In contrast to previously studied RQC substrates (8), XTEN0 was efficiently degraded only in cells capable of CAT-tailing (Fig. 2B and fig. S5B), in an Ltn1p-dependent manner (fig. S4A). Rqc2pmut did not rescue degradation even when overexpressed (fig. S4B), suggesting that the defect was caused by the lack of CAT-tailing. Similar behaviors were seen for analogous constructs based on yeast His3p (fig. S6). These data provide evidence that that CAT-tail elongation pushes sequestered lysines out of the exit tunnel, making them available for Ltn1p-mediated ubiquitination, as hypothesized (2, 17).

Compared to XTEN0, degradation of XTEN10 and XTEN20 became less dependent on CAT-tailing (Fig. 2B). Indeed, when the lysines were positioned past a certain distance (XTEN40 and XTEN80), the substrates were completely resistant to RQC-mediated degradation. Consistent with these degradation results, we observed Ltn1p-dependent ubiquitination when lysines were positioned in the exit tunnel or within the Ltn1p-accessible region, and no ubiquitination was observed when the lysines were past the Ltn1p-accessible window (Fig. 2C and figs. S7 and S8). In addition, we observed similar levels of ubiquitination in cells expressing wild-type or mutant Rqc2p (Fig. 2D). These data support a model in which Ltn1p can only access a limited window of amino acids on the nascent polypeptide. Furthermore, the process of CAT-tailing enables Ltn1p to gain access to lysines sequestered in the exit tunnel.

To determine the effect of sequence and structural context on Ltn1p’s ability to ubiquitinate lysines, we generated GFPLys-free constructs with a 3xHA tag (HA, hemagglutinin) upstream of a single lysine positioned at various distances from the R12 stalling site (Fig. 3A and fig. S9A). These constructs were degraded in a CAT-tail–dependent manner when the lysine was within or near the ribosome exit tunnel, but not when the lysine was 49 amino acids away. The inability of the RQC to degrade this latter substrate was not caused by steric hindrance, because positioning the lysine between two unstructured regions did not rescue degradation (Fig. 3B). The discrete position of the lysines for these constructs allowed us to refine the Ltn1p-accessible window to ~12 amino acids outside the ribosome exit tunnel (Fig. 3, C and D).

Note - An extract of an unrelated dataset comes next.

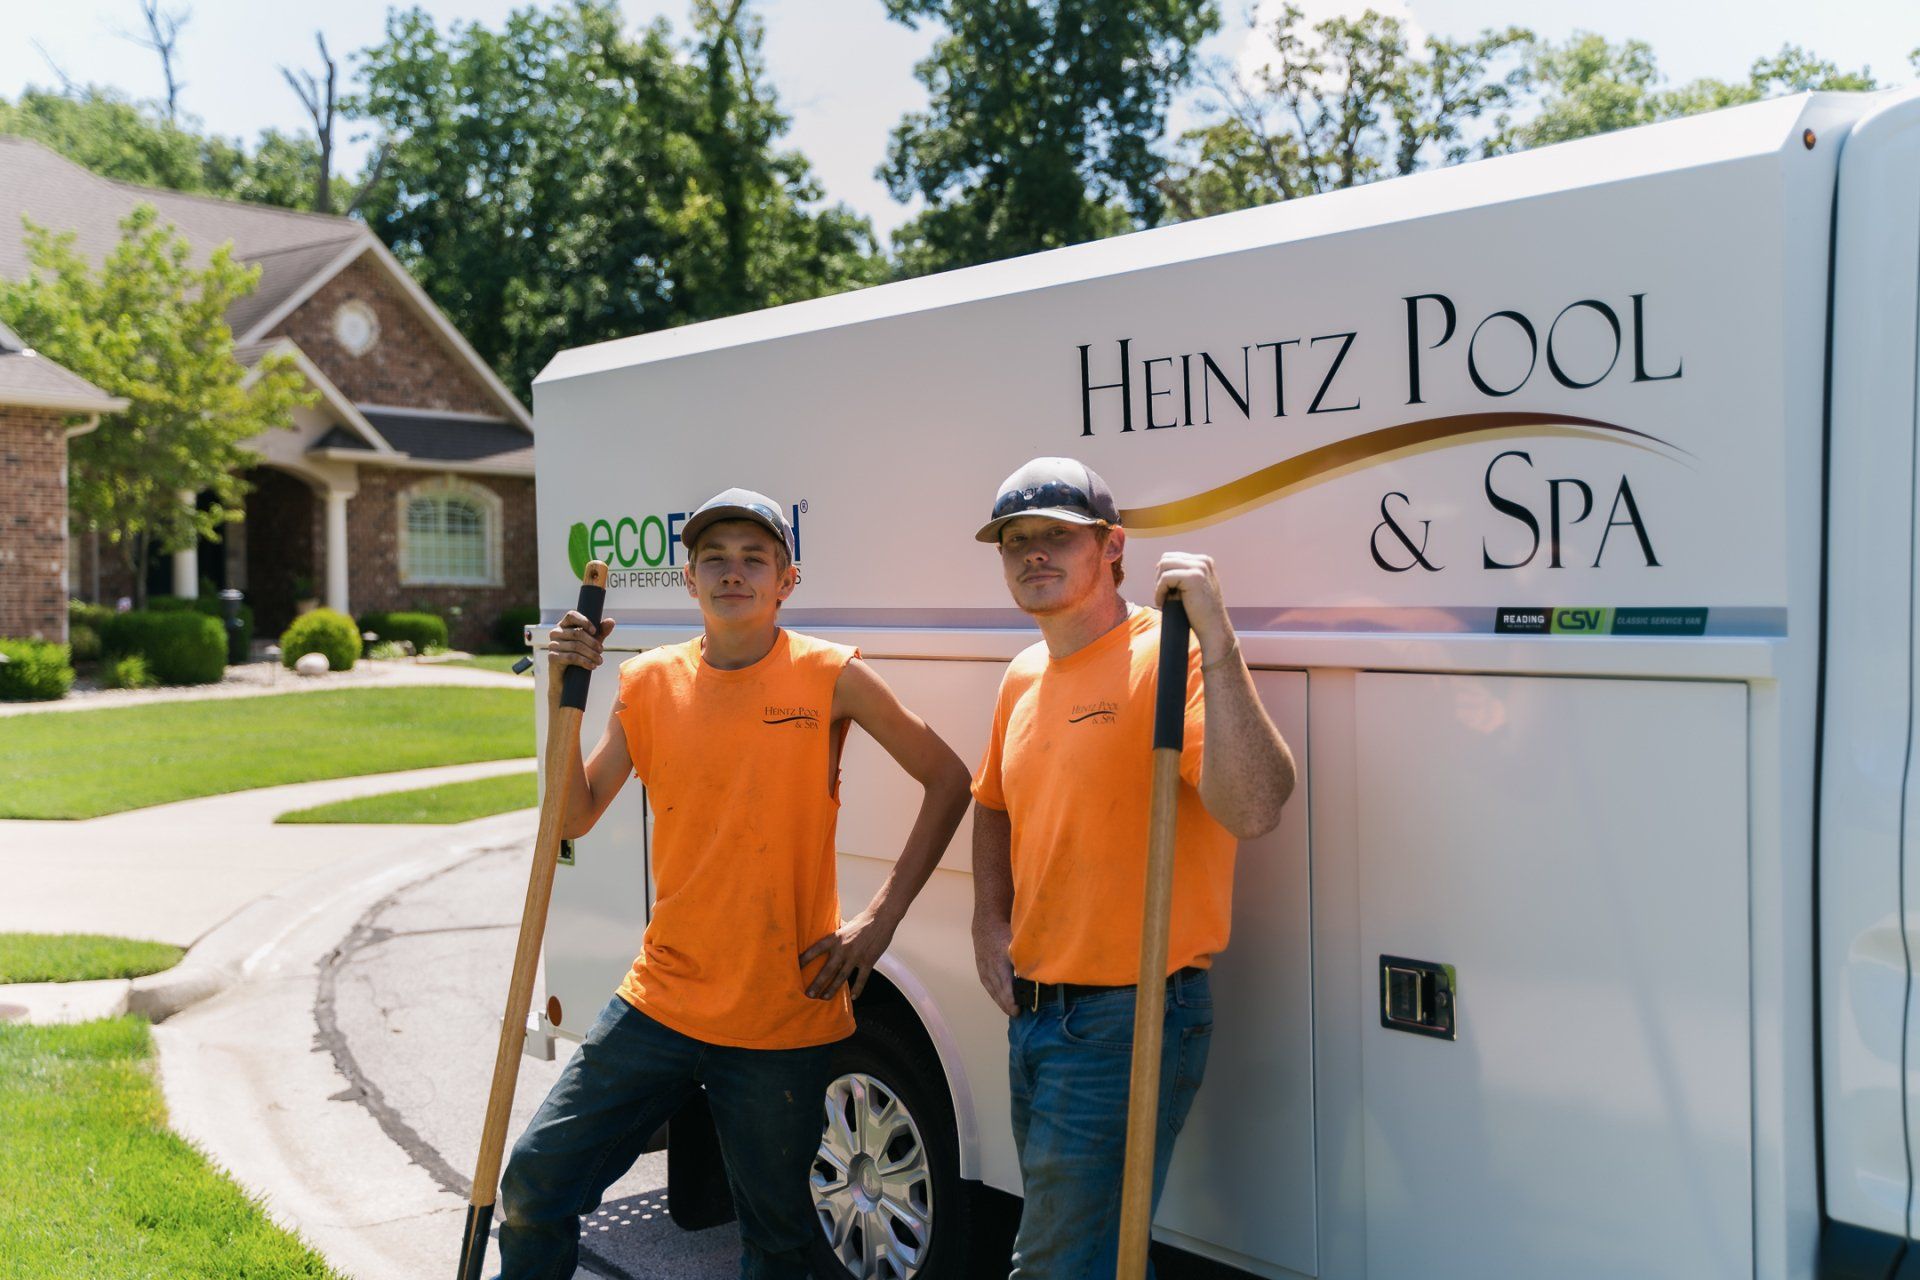 Two Heintz Pool & Spa worker wearing orange uniform standing side by side with company truck on background

As observed with the FLAG-based constructs, the differences in degradation were consistent with differences in Ltn1p-mediated ubiquitination of the substrates (figs. S10 and S11). Notably, the Ltn1p-accessible window defined using four lysines (Fig. 2B) was fully consistent with the refined window (fig. S9B). Thus, the ability of Ltn1p to effectively access residues in a limited window proximal to the exit tunnel is primarily determined by the distance of the lysines from the C terminus, rather than local sequences or structure.

Fig. 3 The ability of Ltn1p to access lysines outside the exit tunnel is primarily determined by the distance of the lysines from the C terminus.

(A and C) IB of TEV-treated GFPLys-free stalling constructs with XTEN linkers of the indicated length inserted after the lysines. (B) IB of a stalling construct with a lysine positioned between two unstructured sequences. DHFR was used to stabilize the N terminus of the construct. (D) Quantification of protein levels from the stalling constructs in (C) (left). Shown is the percentage of stalling construct remaining in wt or rqc2mut cells relative to rqc2Δ cells as a function of the distance between the lysines and the R12 stalling site (mean ± SD, N = 3). Schematic of Ltn1p’s accessible region (shaded area) (right). (E) IB of non-stop GFPLys-free construct.

mRNAs lacking a stop codon (non-stop mRNAs) are an important source of natural RQC substrates with lysines sequestered in the exit tunnel (2). For such messages, the ribosome translates the polyadenine [poly(A)] tail, which appends AAA-encoded lysines to the C terminus. The resulting lysines are likely to be sequestered in the ribosome exit tunnel, owing to the short length of yeast poly(A) tails (median 27 nucleotides) (18, 19). Indeed, degradation of non-stop GFPLys-free with a defined poly(A) tail of 30 nucleotides was dependent on CAT-tails (Fig. 3E). Thus, CAT-tailing can expose lysines that result from translation through the poly(A) tract, allowing efficient ubiquitination and degradation of non-stop decay substrates.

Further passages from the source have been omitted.